Environmental Engineering Reference
In-Depth Information
The Dutch EIA Commission also promotes good EIA and SEA practice
internationally, both by funding international studies on EIA and by publishing many of
its documents (in English as well as Dutch) on its website.
10.8 Canada
Canada has also set up a powerful and evolving system of environmental legislation, but
under conditions different from those in the Netherlands. Its wealth of natural resources,
which were originally plundered indiscriminately by the giant “trusts” in coal, steel, oil
and railroads; its lack of strong planning and land-use legislation; and the conflicting
needs of its powerful provincial governments all prompted the development of a
mechanism by which widespread environmental harm could be prevented. Canada's EIA
system is characterized by a split between national and provincial procedures; quite
complex routeing of different types of projects through different types of EIA processes
and innovative approaches to mediation and public participation in EIA.

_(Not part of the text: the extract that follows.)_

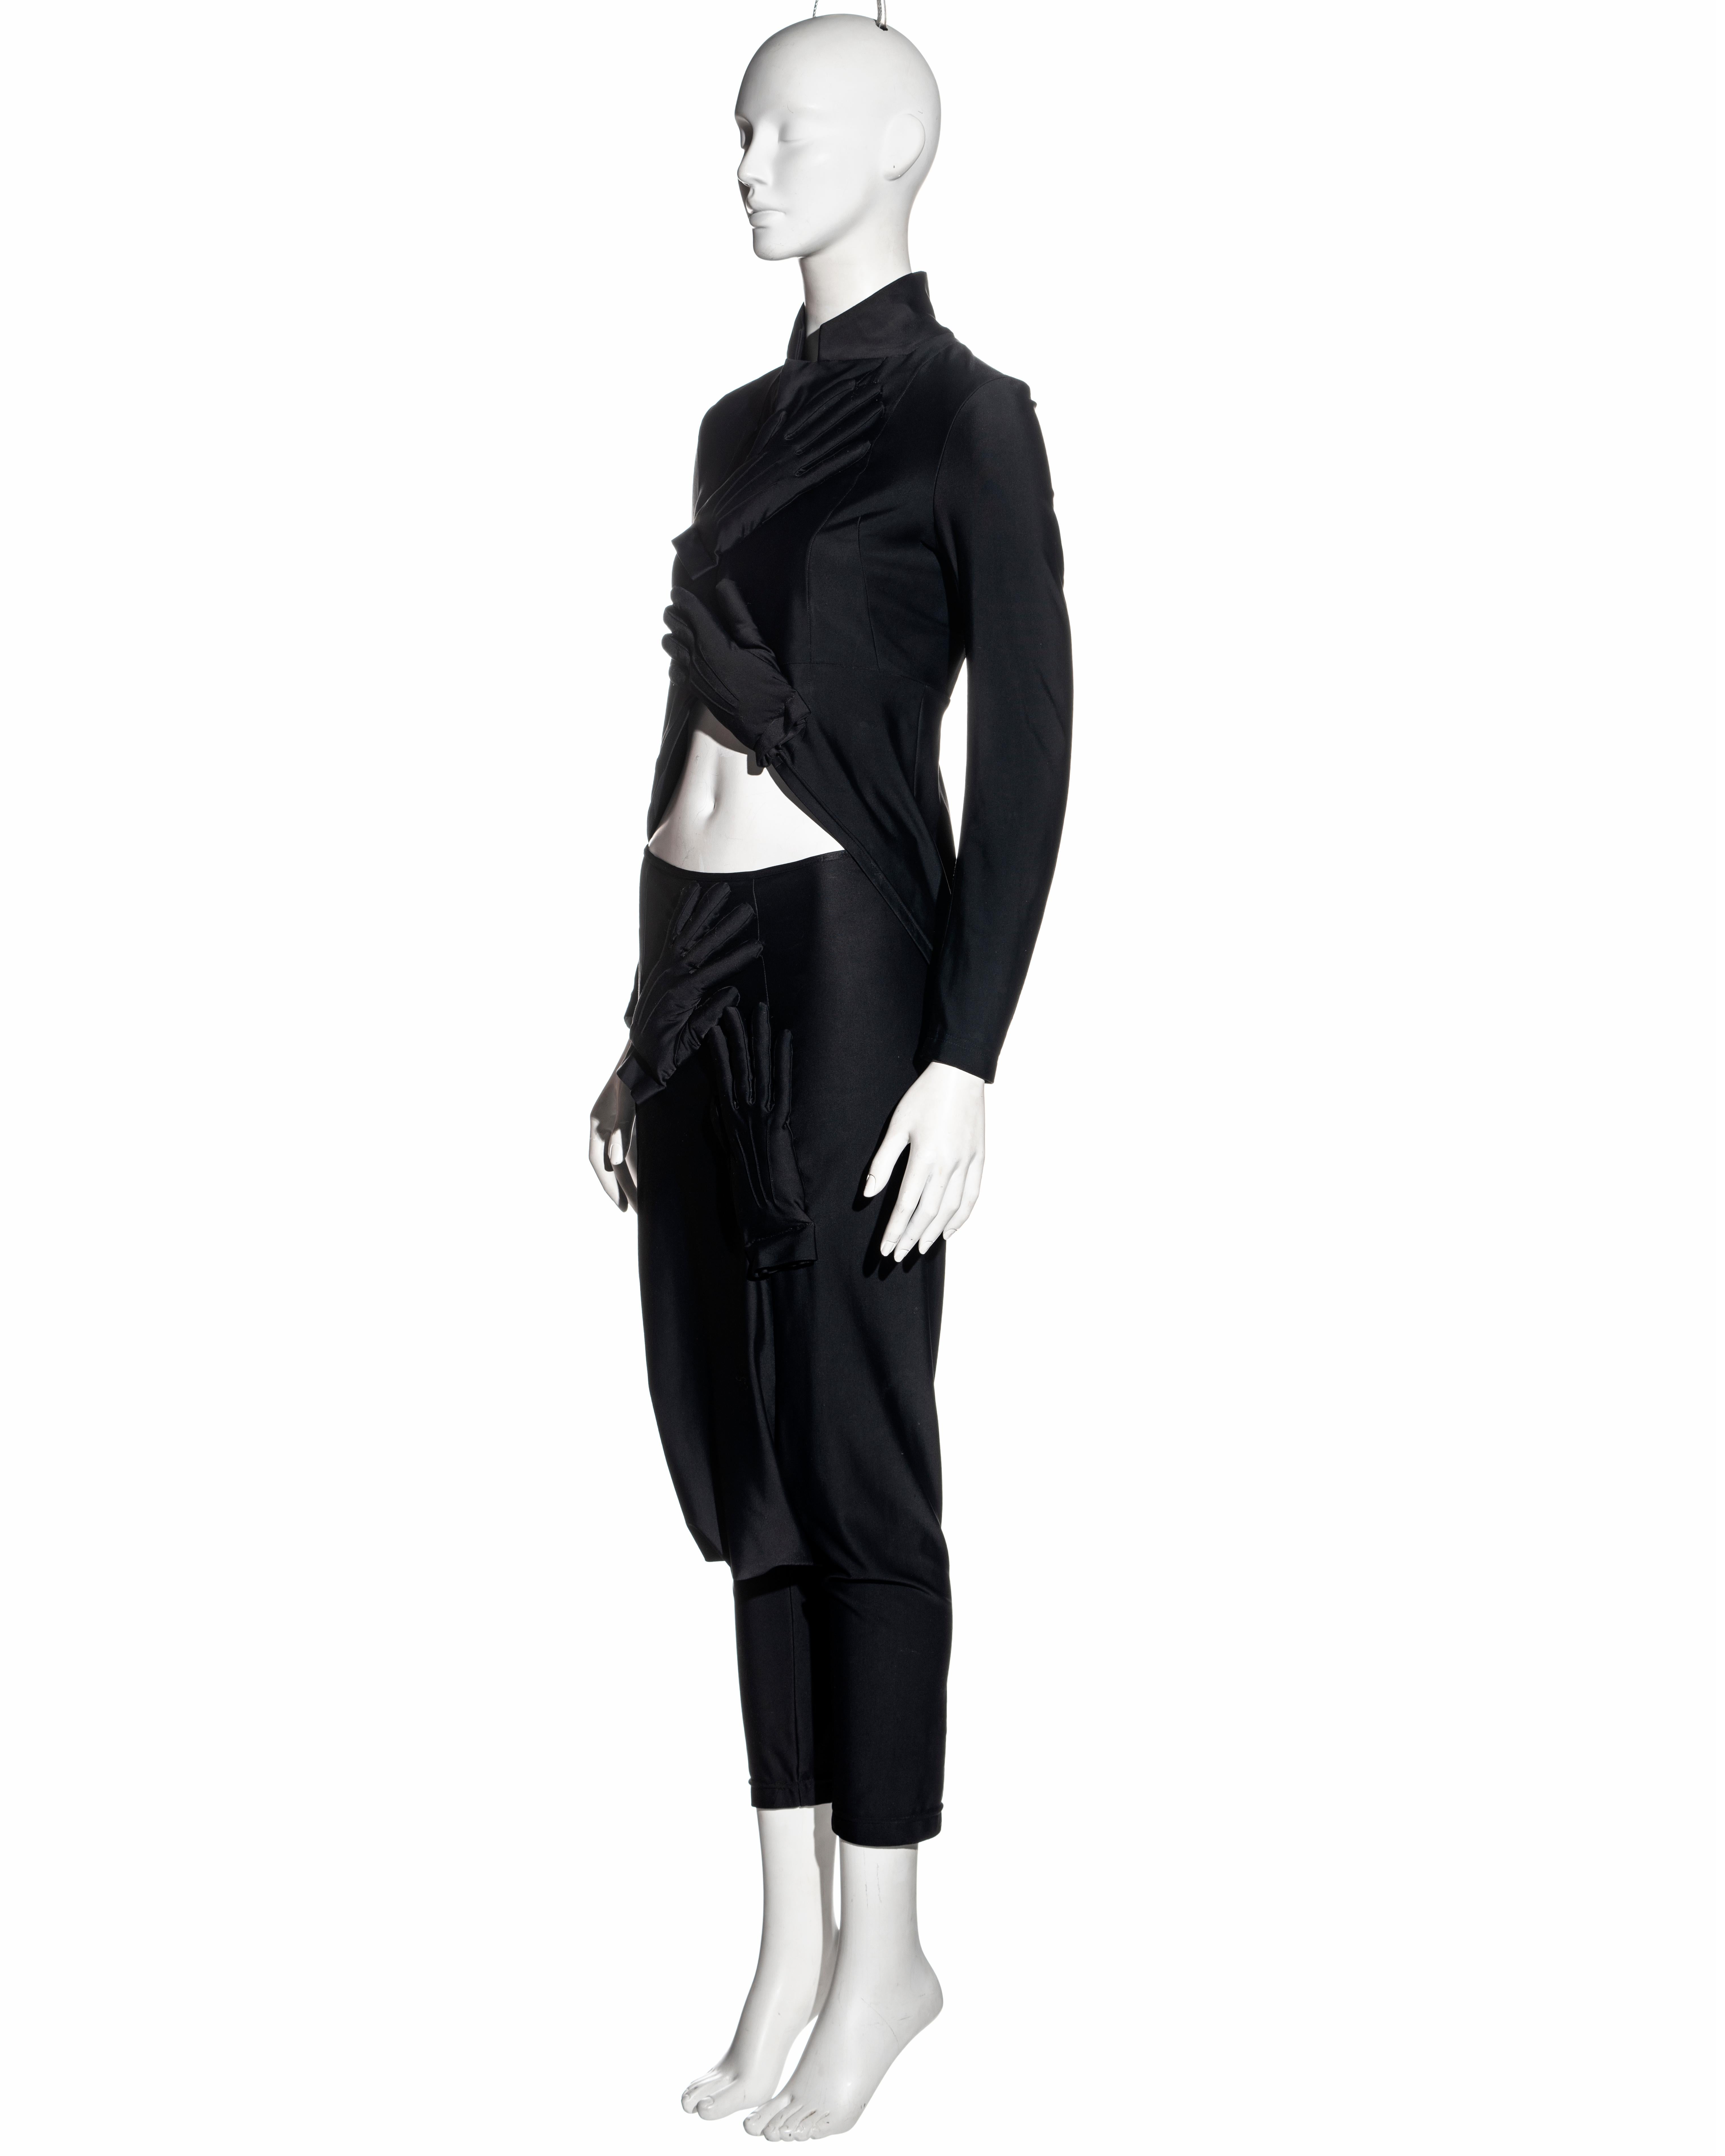 Comme des Garçons black lycra jacket and pants with padded hand motifs, fw 2007 2

The responsibility for EIA in Canada is shared between the federal and the provincial
governments. The federal procedures apply to projects for which the Government of
Canada has decision-making authority. Early federal EIA guidelines (FEARO 1977) were
progressively strengthened throughout the 1970s and 1980s, and made legally binding in
1989. However concern over the limitations of this “Environmental Assessment and
Review Process” caused it, in turn, to be replaced in 1995 by the Canadian
Environmental Assessment Act. This was further strengthened by Bill C-9, which came
into force on 30 October 2003. SEA of policy has been required since 1993, and SEA
requirements were strengthened in 1999. Gibson (2002) gives a useful review of the
development of Canada's federal EIA system upto 2002.
The Canadian Environmental Assessment Agency (CEAA) administers the Canadian
Environmental Assessment Act. An initial self-assessment by the responsible agency
proposing the action determines whether the action requires EIA under the Act, i.e.
whether it
• is a “project” as defined by the Act;
• is not excluded by the Act's Exclusion List regulation;
• involves a federal authority; and
• triggers the need for an EIA under the Act.
The Exclusion List Regulation identifies projects for which EIAs are not required
because their adverse environmental effects are not regarded as significant (e.g. simple
renovation projects).
Once an EIA is determined to be required, a decision is made as to which of four EIA
tracks to follow: screening, comprehensive study, mediation or review panel. Most
projects require a “screening” involving documentation of the project's environmental
effects and recommended mitigation measures. “Class screening” may be used to assess
projects with known effects that can easily be mitigated. “Model class screenings”
provide a generic assessment of all projects within a class: the responsible authority uses
a model report as a template, accounting for location- and project-specific information.